In 1843, Governor-General Ellenborough reformed the administration, organizing Secretariat of the Government into four departments – Foreign, Home, Finance and Military. The officer in charge of the foreign department was supposed to manage the "conduct of all correspondence belonging to the external and internal diplomatic relations of the government". Its political officers were responsible for the civil administration of frontier districts,[2] and also served as British agents to rulers of princely states. A distinction was made between the "foreign" and "political" functions of the department; relations with all "Asiatic powers" (including native princely states of India) were treated as "political" and those with all European powers as "foreign". At independence in 1948, the Foreign and Political department of the British India government was transformed into the new Ministry of External Affairs and Commonwealth Relations. A small number of British officers continued to serve as employees of the Government of India.[3]
Staff
The staff employed by the IPD, known as the Indian Political Service, were generally referred to as political officers, or colloquially as "politicals", and were recruited from four areas:[4]
- Two thirds were recruited from the Indian Army
- Next most numerous were those recruited from the Indian Civil Service
- Some came from the Indian Medical Service
- Some came from the Indian Public Works and Engineering Department
- Some came from the Law Services
All members of the IPS were seconded from their original service and were subject to their original service's pension and retirement rules. The IPS was allowed to recruit two ICS officers every year, which was reduced to one every fifth year. On the Army side, four or five Indian Army officers were recruited on alternate years.
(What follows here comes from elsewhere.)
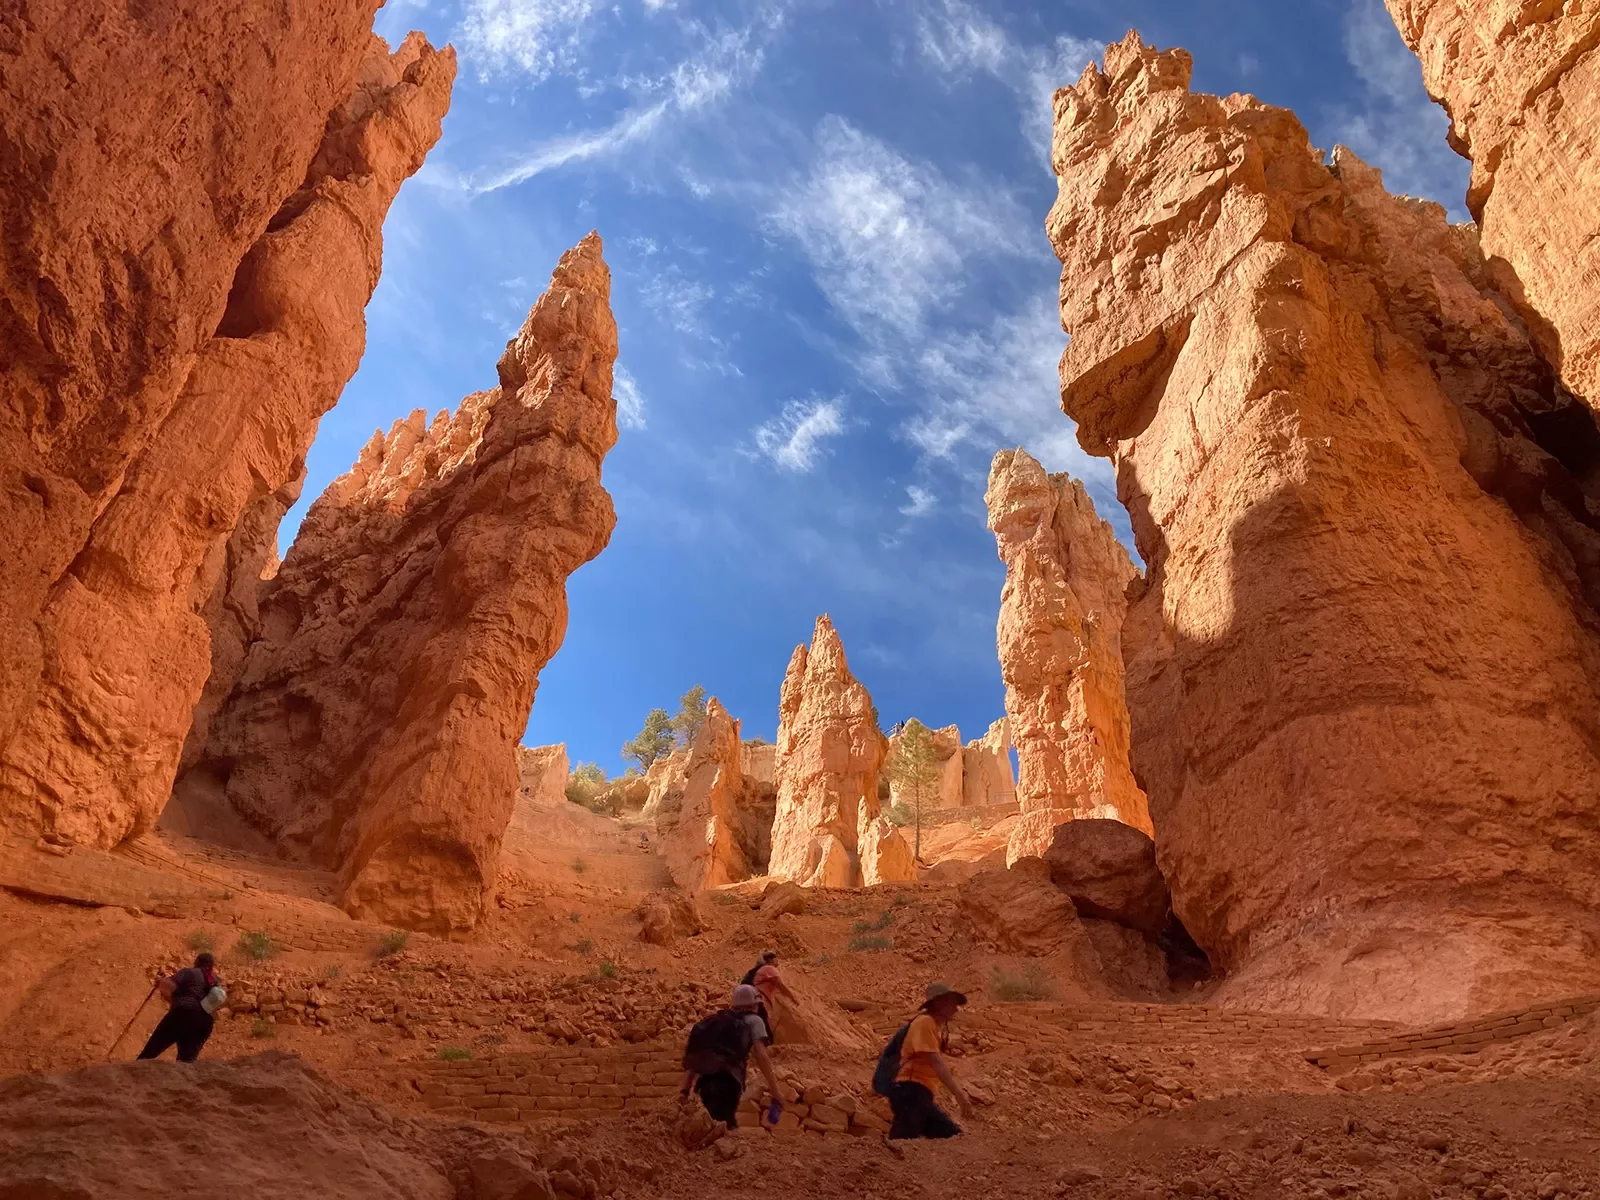 Guests hiking among hoodoos, camera pointed to sky.

When the process of Indianisation reached the IPS, some were also recruited from the Provincial Civil Services and services connected with the frontier.
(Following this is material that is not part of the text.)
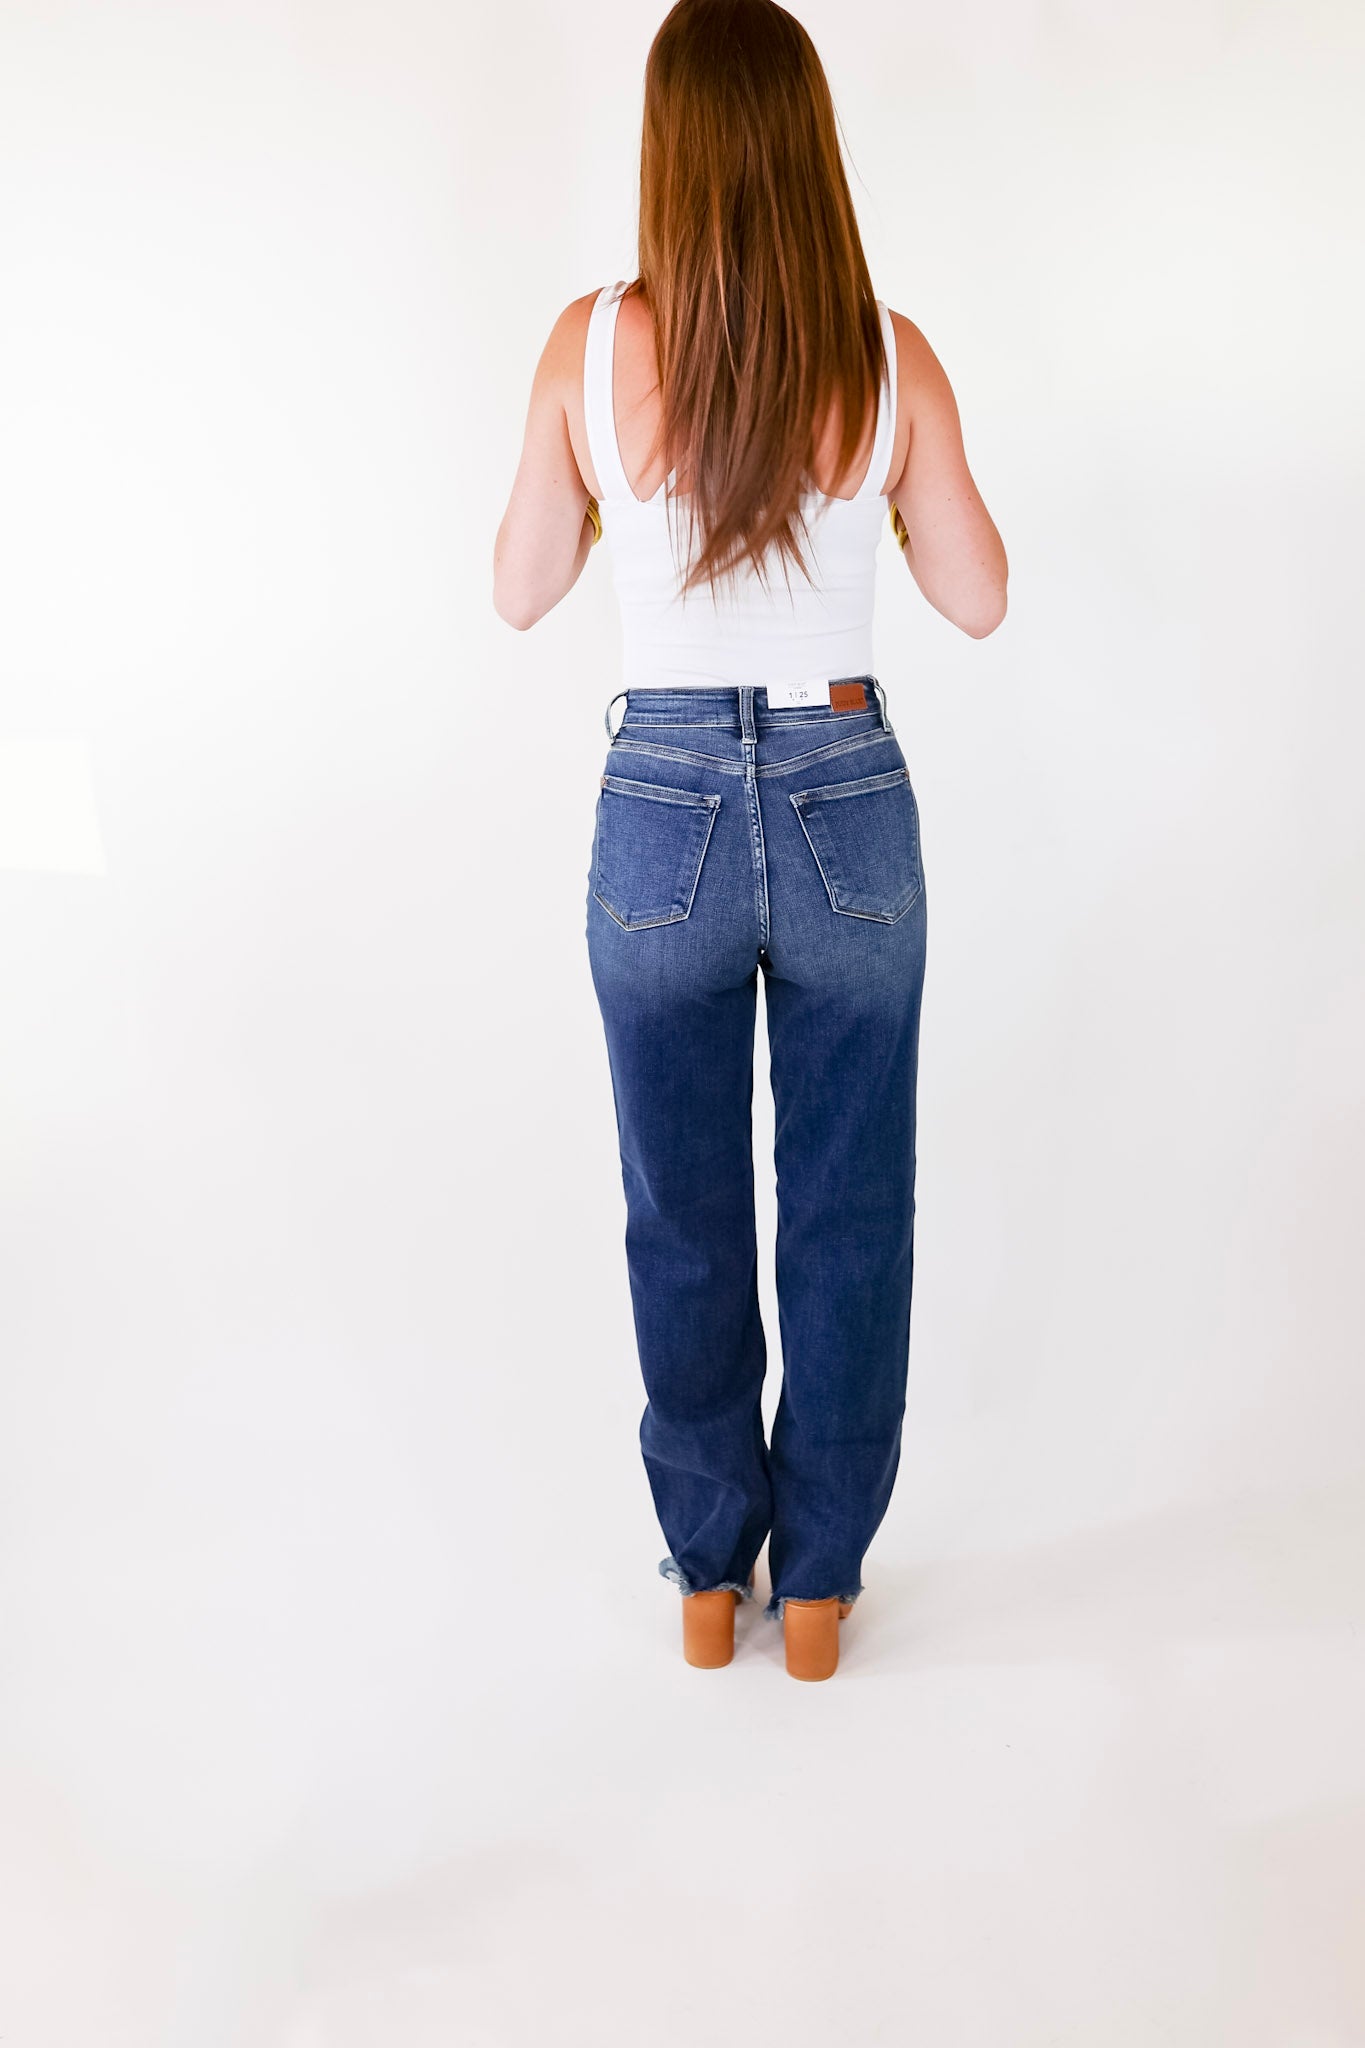 Judy Blue | Set The Spark Button Fly Wide Leg Jeans in Dark Wash - Giddy Up Glamour Boutique

Employees of the political service were predominantly European, although small numbers of Indians were employed.[5] In 1947 it had a staff of 170 officers, of which 124 were serving.[1] They included 17 Indians, of which 12 were Muslim, four Hindus and one Sikh.[1]
References
- Coen, Sir Terence Creagh (1971). "1. Our subject". The Indian Political Service: A Study in Indirect Rule. London: Chatto & Windus. pp. 3–6. ISBN 0-7011-1579-3.
- Onley, James (2009). "The Raj reconsidered: British India's informal empire and spheres of influence in Asia and Africa". Asian Affairs. 40 (1): 44–62. doi:10.1080/03068370802658666. ISSN 0306-8374. S2CID 162217901.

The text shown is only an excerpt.